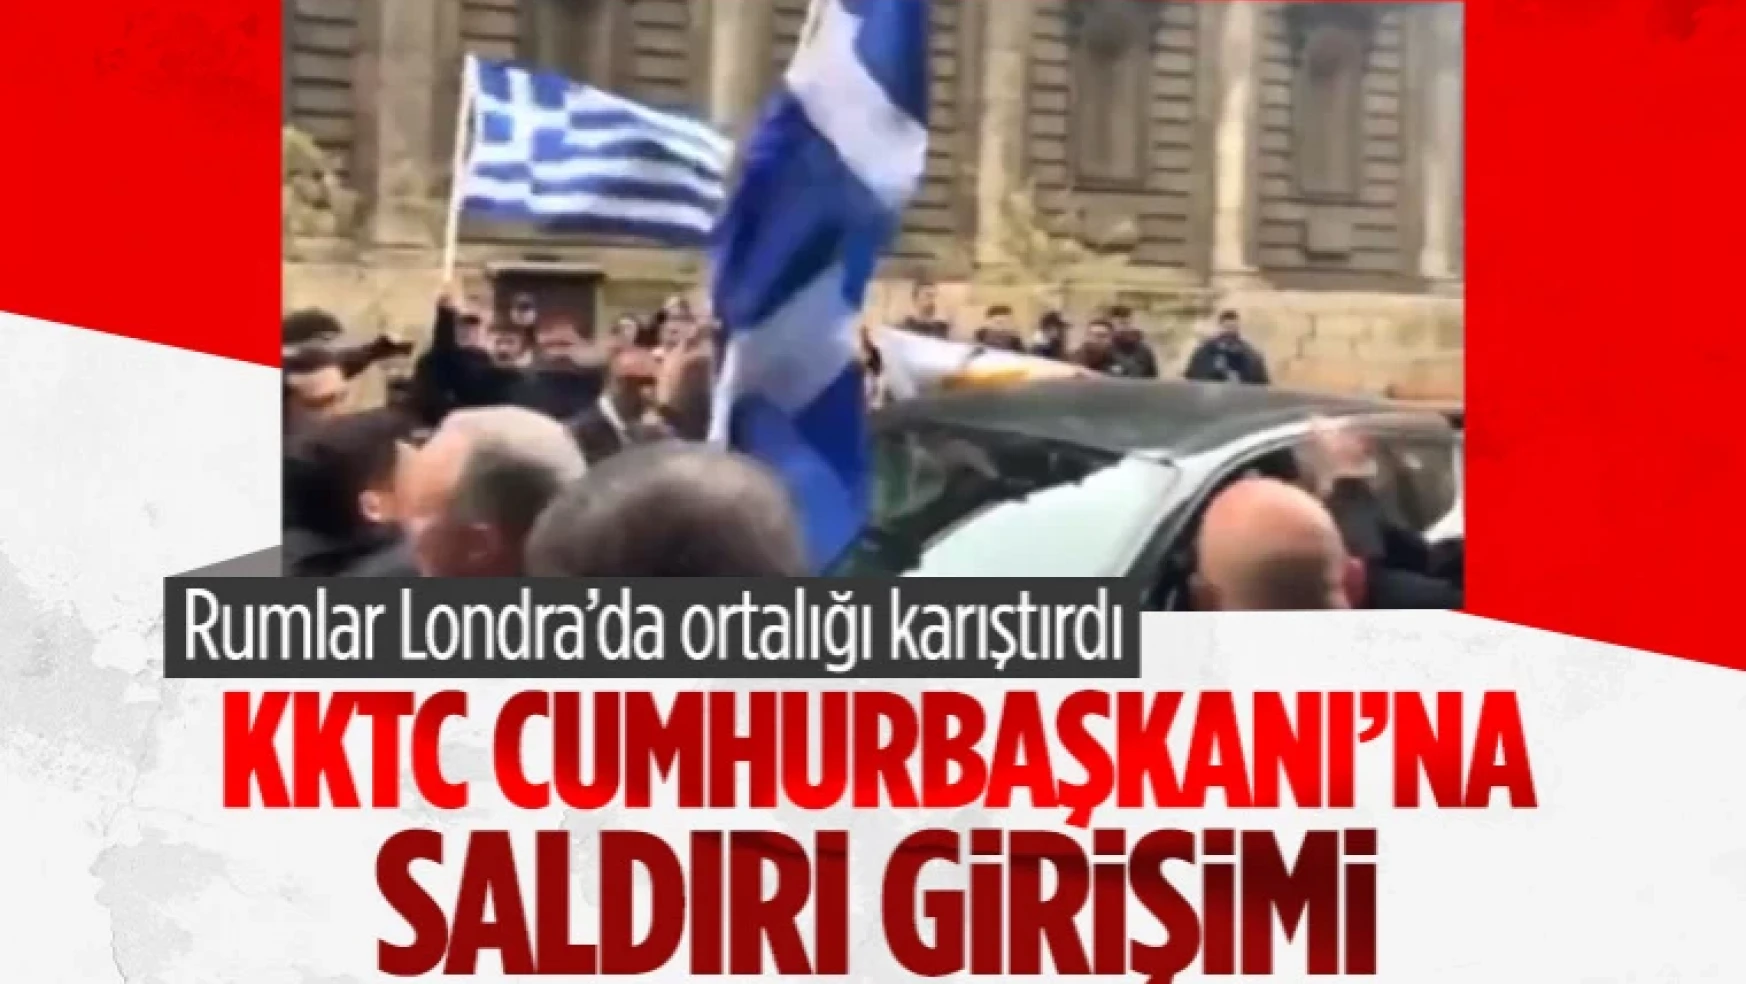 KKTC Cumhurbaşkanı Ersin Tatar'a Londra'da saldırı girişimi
---
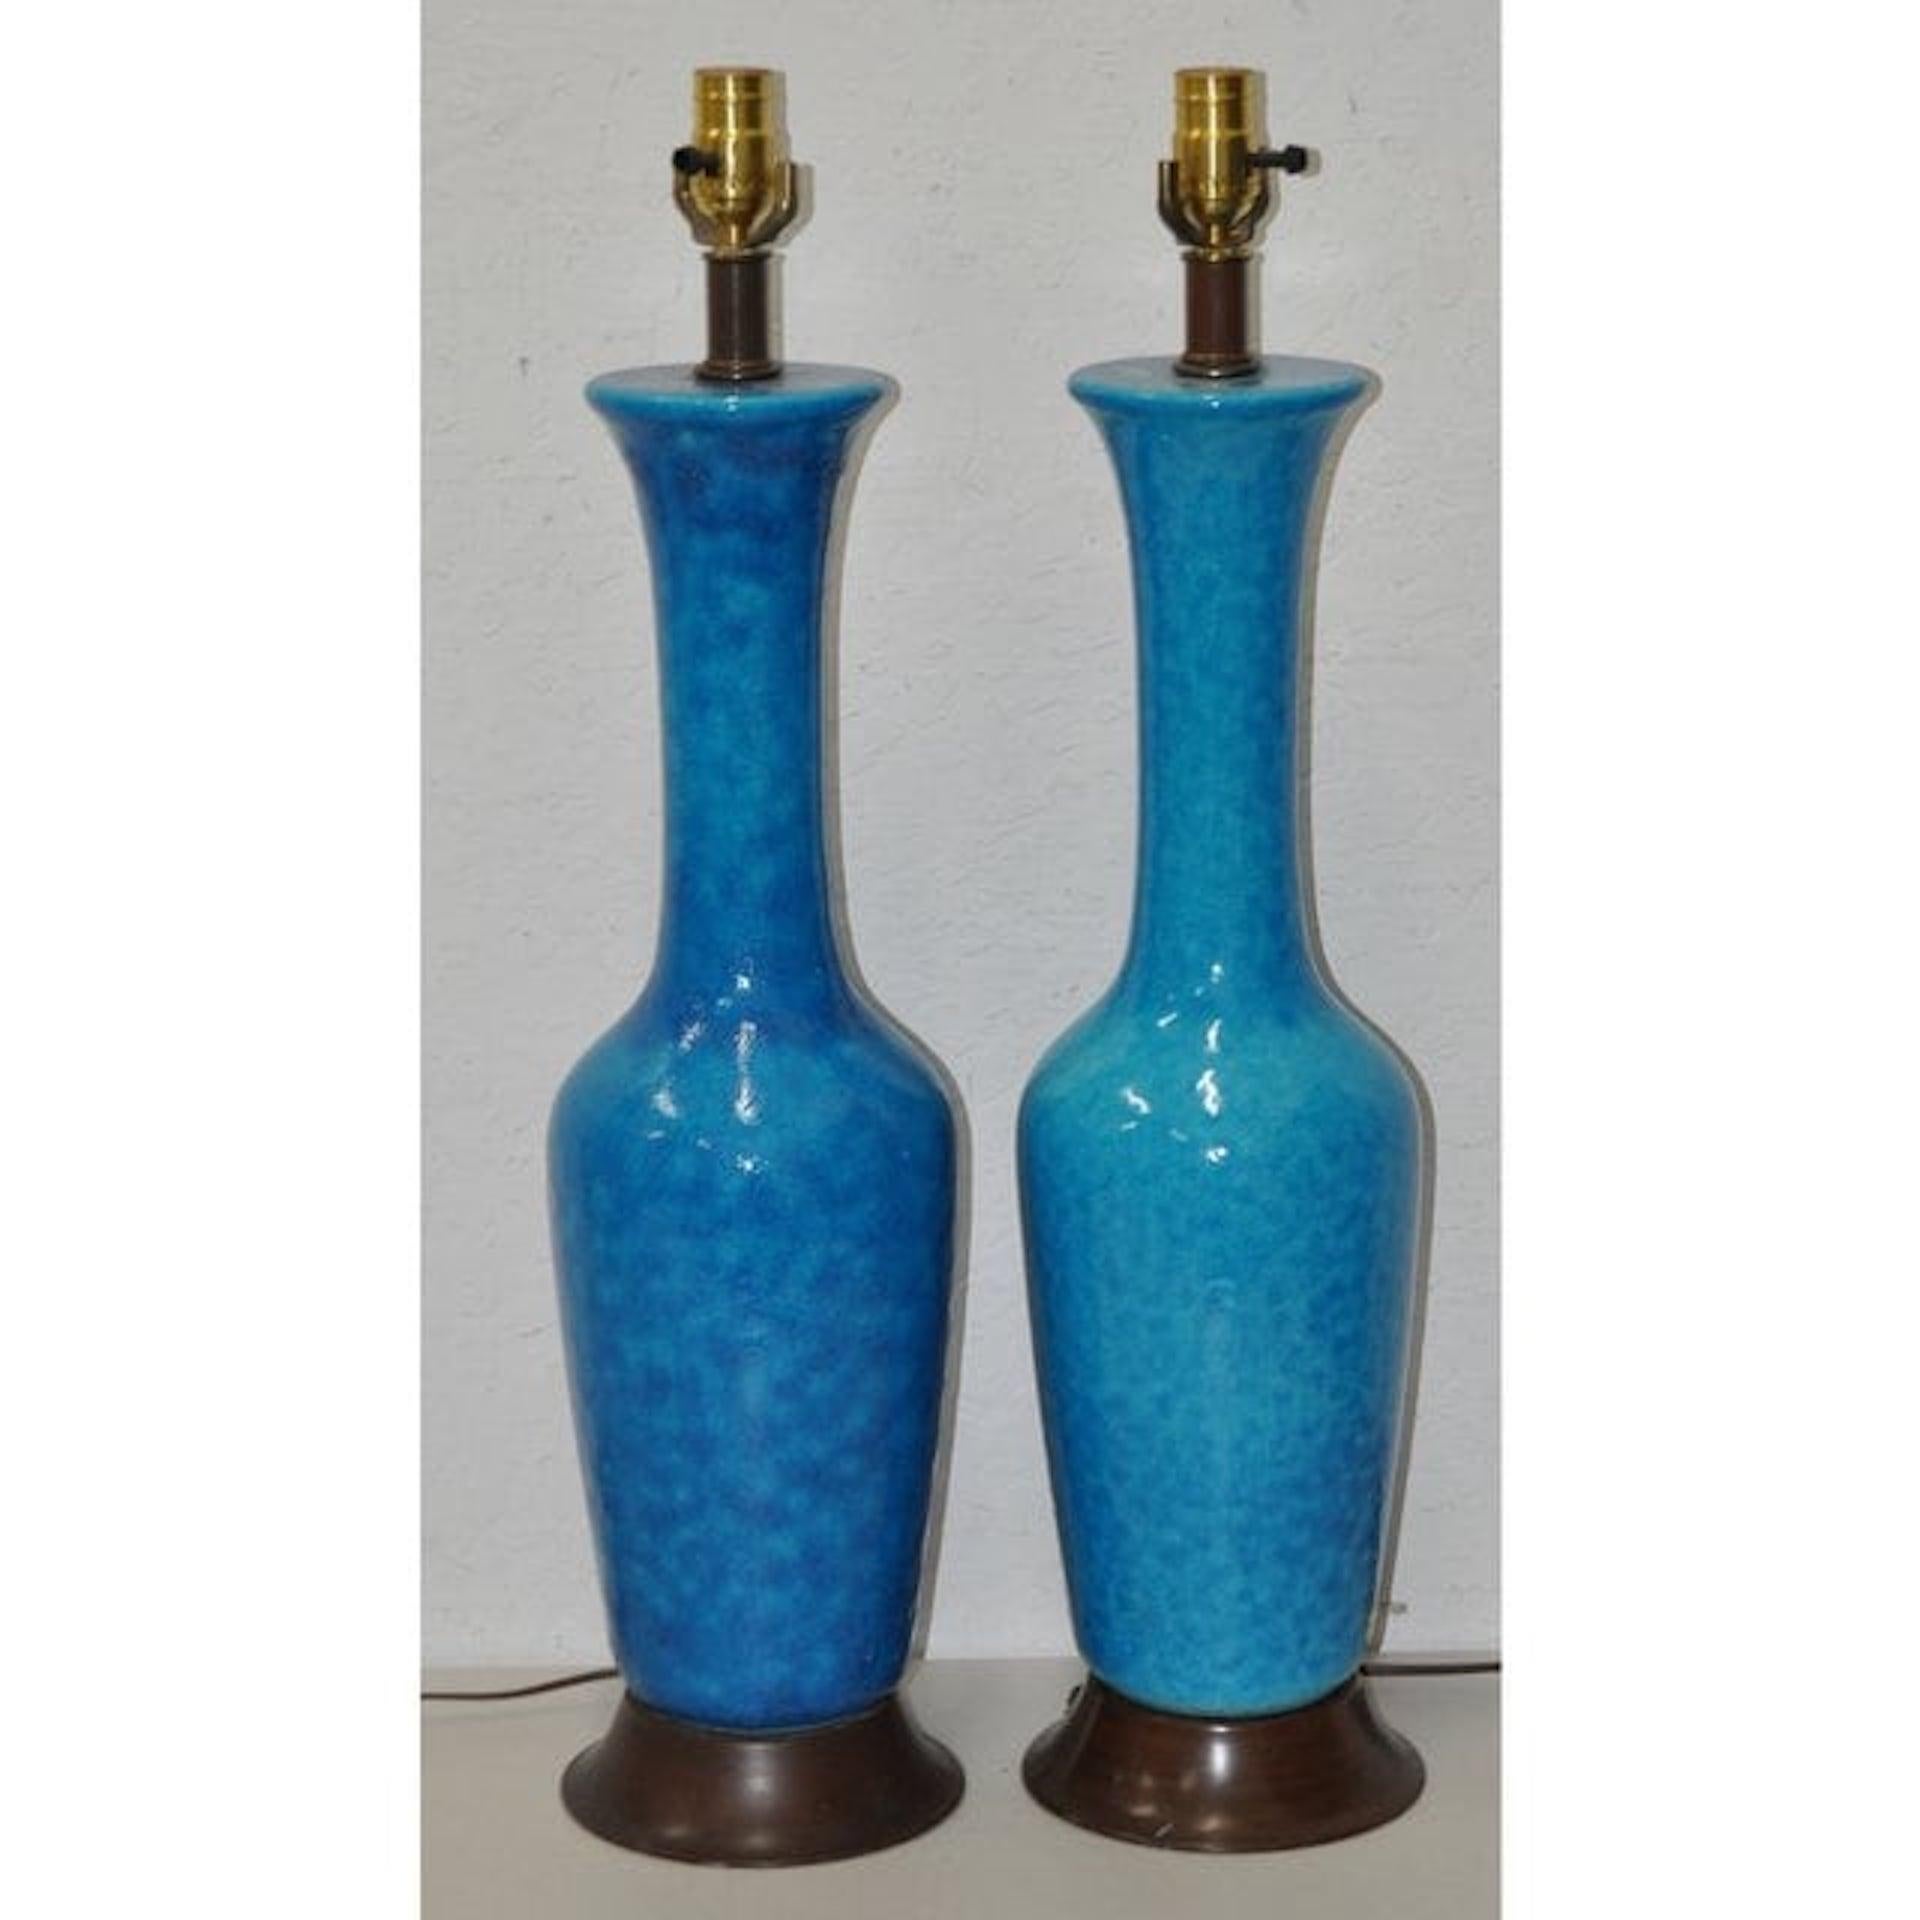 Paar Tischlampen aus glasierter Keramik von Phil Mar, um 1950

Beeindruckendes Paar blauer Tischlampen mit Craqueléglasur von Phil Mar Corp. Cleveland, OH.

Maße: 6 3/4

• [Prompt] Look back over the records above. Reproduce exactly everything from the line with "Paar Tischlampen aus" down to the line with "Maße: 6 3/4", inclusive, and leave the pictures out.

• [Output for this exercise]
 Paar Tischlampen aus glasierter Keramik von Phil Mar, um 1950

Beeindruckendes Paar blauer Tischlampen mit Craqueléglasur von Phil Mar Corp. Cleveland, OH.

Maße: 6 3/4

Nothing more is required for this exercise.